8-K

United States

SECURITIES AND EXCHANGE COMMISSION

Washington, D.C. 20549

FORM 8-K

CURRENT REPORT

PURSUANT TO SECTION 13 OR 15(d)

OF THE SECURITIES EXCHANGE ACT OF 1934

Date of report (Date of earliest event reported): December 23, 2010

OXiGENE, INC.

(Exact name of registrant as specified in its charter)

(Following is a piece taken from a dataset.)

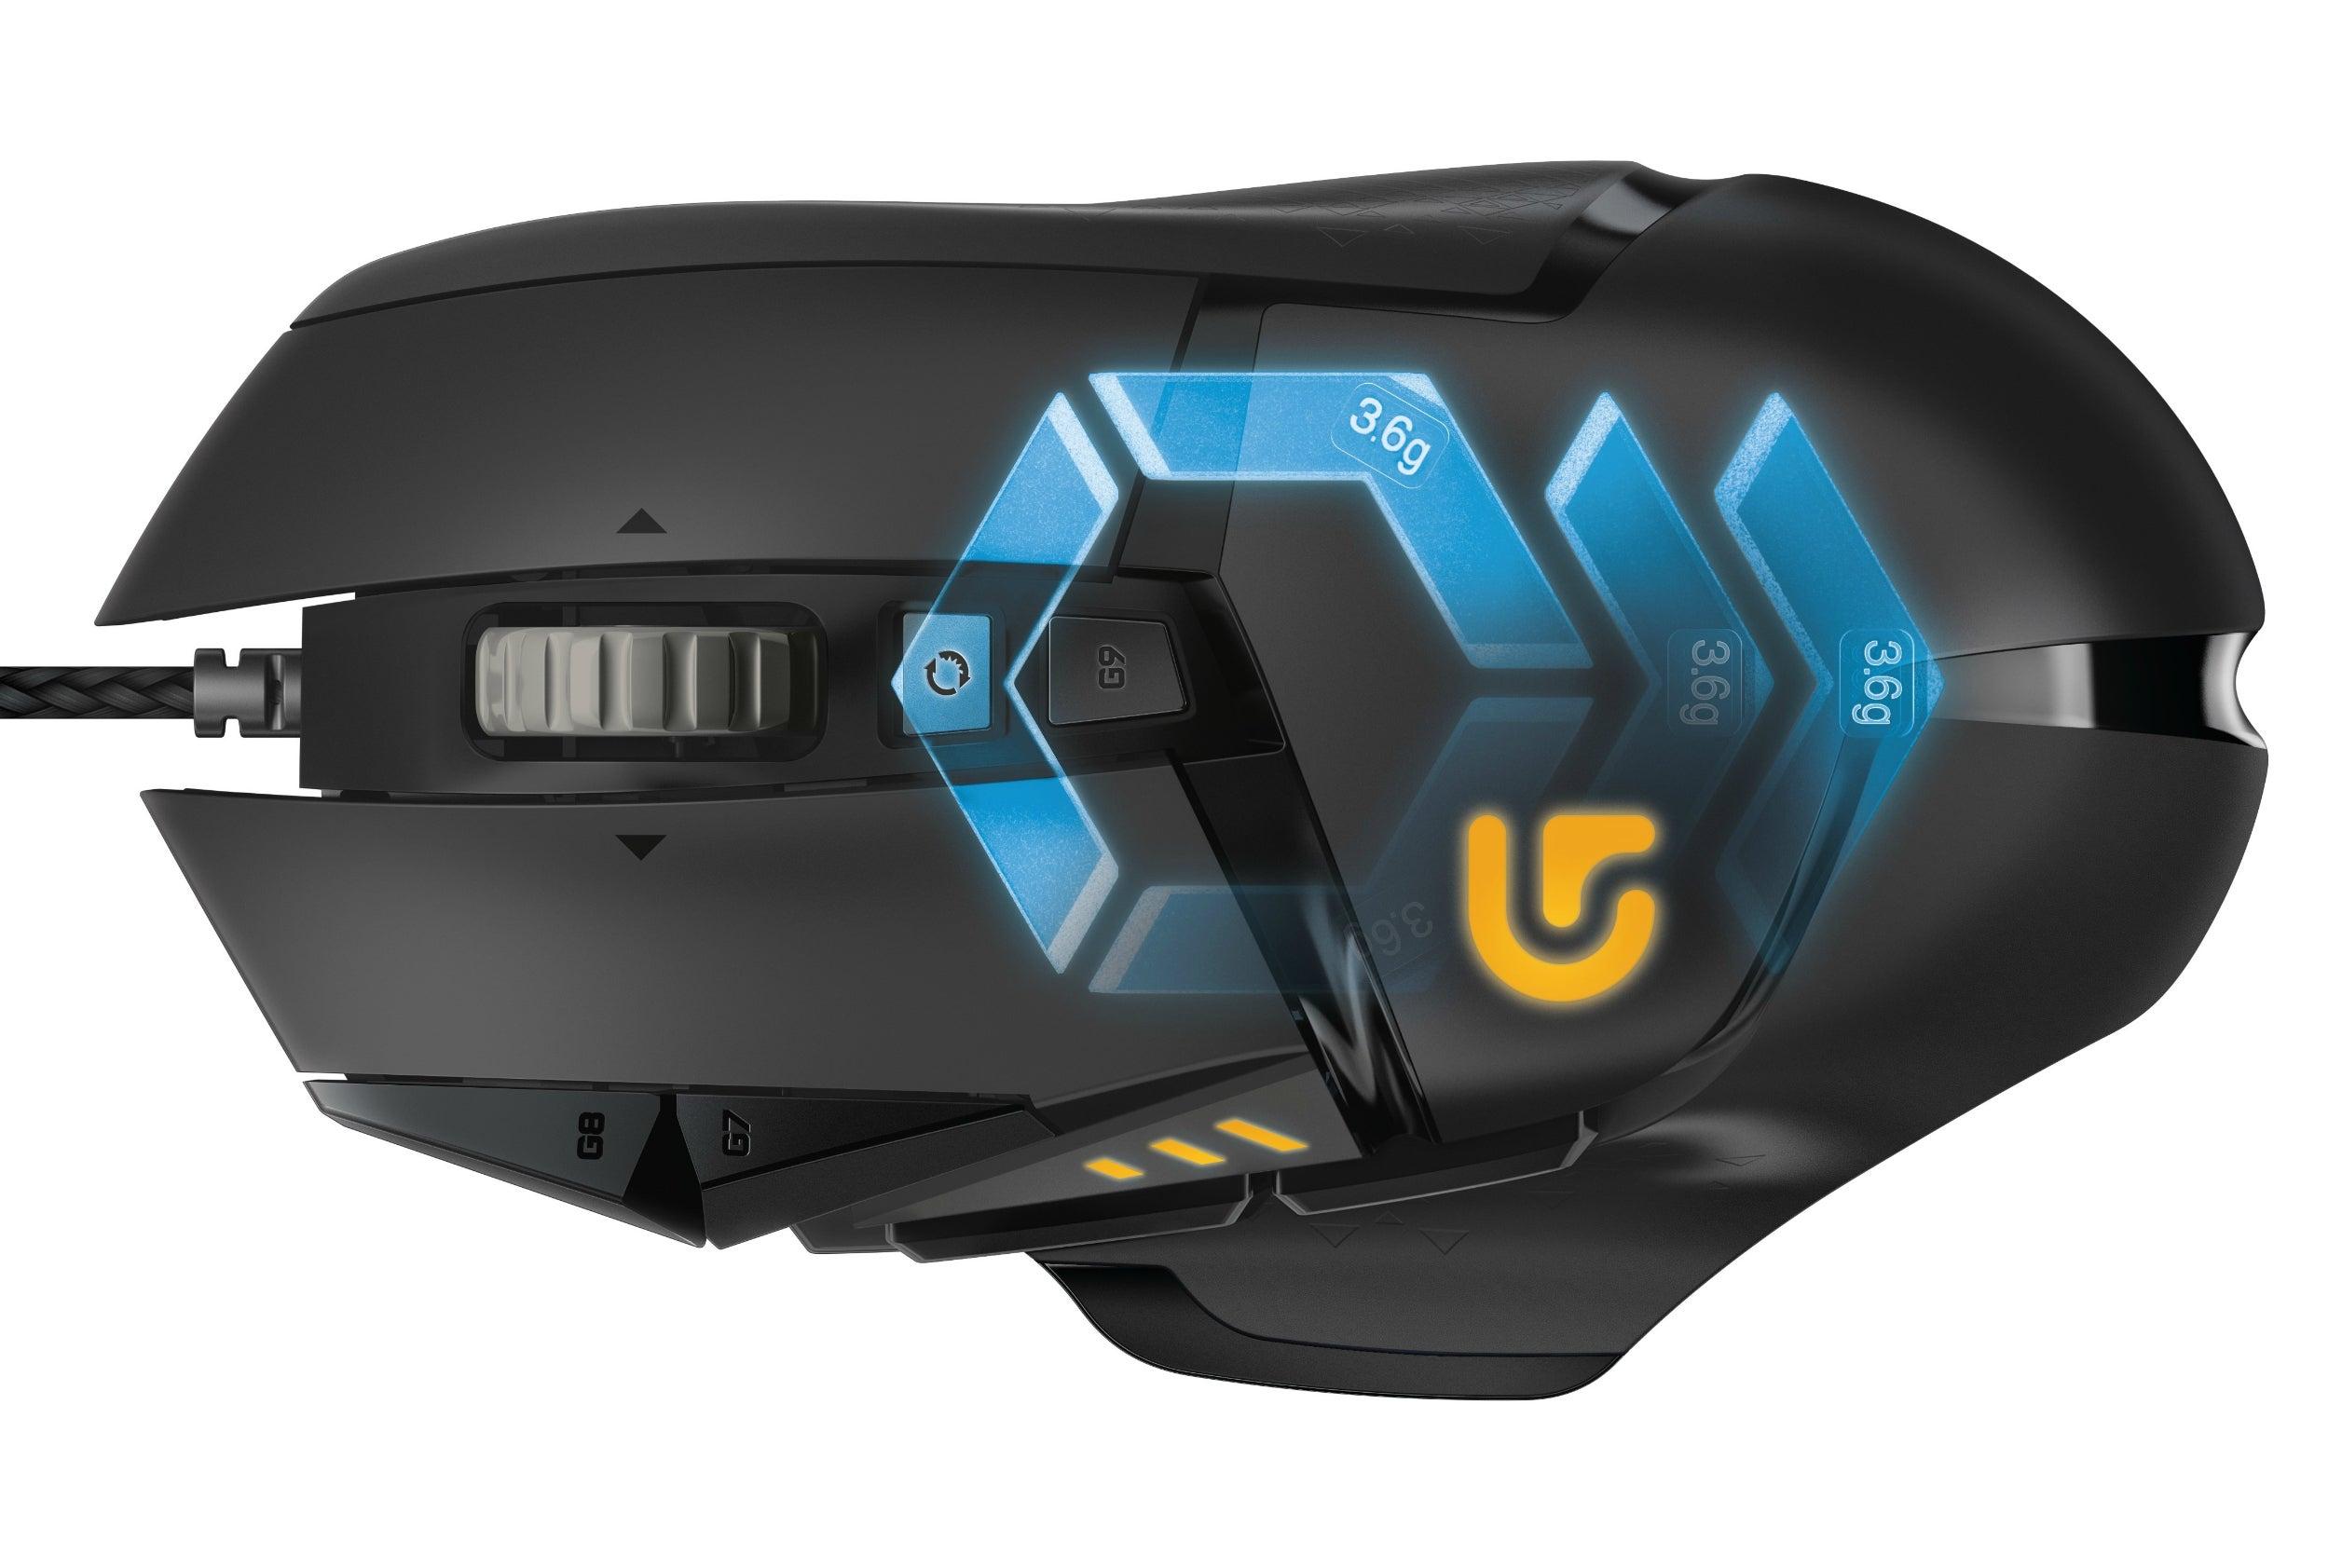 982c969756d Logitech overhauls the excellent G502 Proteus Core mouse with RGB lighting

Delaware	0-21990	13-3679168
(State or other	(Commission File	(I.R.S. Employer
jurisdiction of	Number)	Identification No.)
incorporation)

701 Gateway Boulevard, Suite 210, South San Francisco, CA 94080

(Address of principal executive offices)

Registrant's telephone number, including area code: (650) 635-7000

Check the appropriate box below if the Form 8-K filing is intended to simultaneously satisfy the obligation of the registrant under any of the following provisions:

[_]  Written communication pursuant to Rule 425 under the Securities Act (17 CFR 230.425)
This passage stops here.